About this exercise ::
Which lines of the entries contain the string "Port"? Please find them and copy them.

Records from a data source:
▼
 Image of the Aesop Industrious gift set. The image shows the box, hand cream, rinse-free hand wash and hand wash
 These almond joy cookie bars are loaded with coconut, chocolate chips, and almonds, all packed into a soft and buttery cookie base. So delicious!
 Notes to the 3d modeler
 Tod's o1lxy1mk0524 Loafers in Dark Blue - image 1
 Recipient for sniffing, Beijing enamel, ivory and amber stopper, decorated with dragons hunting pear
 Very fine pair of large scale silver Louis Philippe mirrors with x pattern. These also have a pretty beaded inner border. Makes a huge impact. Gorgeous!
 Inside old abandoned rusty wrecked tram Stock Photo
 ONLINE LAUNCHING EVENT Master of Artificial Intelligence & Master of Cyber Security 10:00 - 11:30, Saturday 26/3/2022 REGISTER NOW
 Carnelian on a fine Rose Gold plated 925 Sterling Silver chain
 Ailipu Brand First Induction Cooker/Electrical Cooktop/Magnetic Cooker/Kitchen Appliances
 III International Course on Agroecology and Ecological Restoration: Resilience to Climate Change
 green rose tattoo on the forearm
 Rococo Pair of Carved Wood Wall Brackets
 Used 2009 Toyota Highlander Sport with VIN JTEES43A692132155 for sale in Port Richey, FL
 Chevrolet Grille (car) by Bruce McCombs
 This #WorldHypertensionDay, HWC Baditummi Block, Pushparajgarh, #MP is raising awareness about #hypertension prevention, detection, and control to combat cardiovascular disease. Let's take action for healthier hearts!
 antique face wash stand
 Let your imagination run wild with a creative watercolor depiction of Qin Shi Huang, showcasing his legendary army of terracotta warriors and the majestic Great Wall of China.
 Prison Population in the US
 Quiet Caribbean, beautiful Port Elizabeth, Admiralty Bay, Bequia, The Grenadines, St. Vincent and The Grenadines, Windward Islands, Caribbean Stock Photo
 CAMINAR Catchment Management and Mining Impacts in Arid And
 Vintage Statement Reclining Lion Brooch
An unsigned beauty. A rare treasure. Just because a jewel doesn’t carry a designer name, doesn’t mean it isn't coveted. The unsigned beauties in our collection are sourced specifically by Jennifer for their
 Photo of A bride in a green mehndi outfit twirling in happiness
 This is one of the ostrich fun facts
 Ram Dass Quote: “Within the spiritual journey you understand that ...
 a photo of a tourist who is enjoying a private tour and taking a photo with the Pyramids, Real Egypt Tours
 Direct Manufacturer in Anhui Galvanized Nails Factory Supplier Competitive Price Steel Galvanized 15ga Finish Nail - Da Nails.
▲
Response to the exercise ::
 Used 2009 Toyota Highlander Sport with VIN JTEES43A692132155 for sale in Port Richey, FL
 Quiet Caribbean, beautiful Port Elizabeth, Admiralty Bay, Bequia, The Grenadines, St. Vincent and The Grenadines, Windward Islands, Caribbean Stock Photo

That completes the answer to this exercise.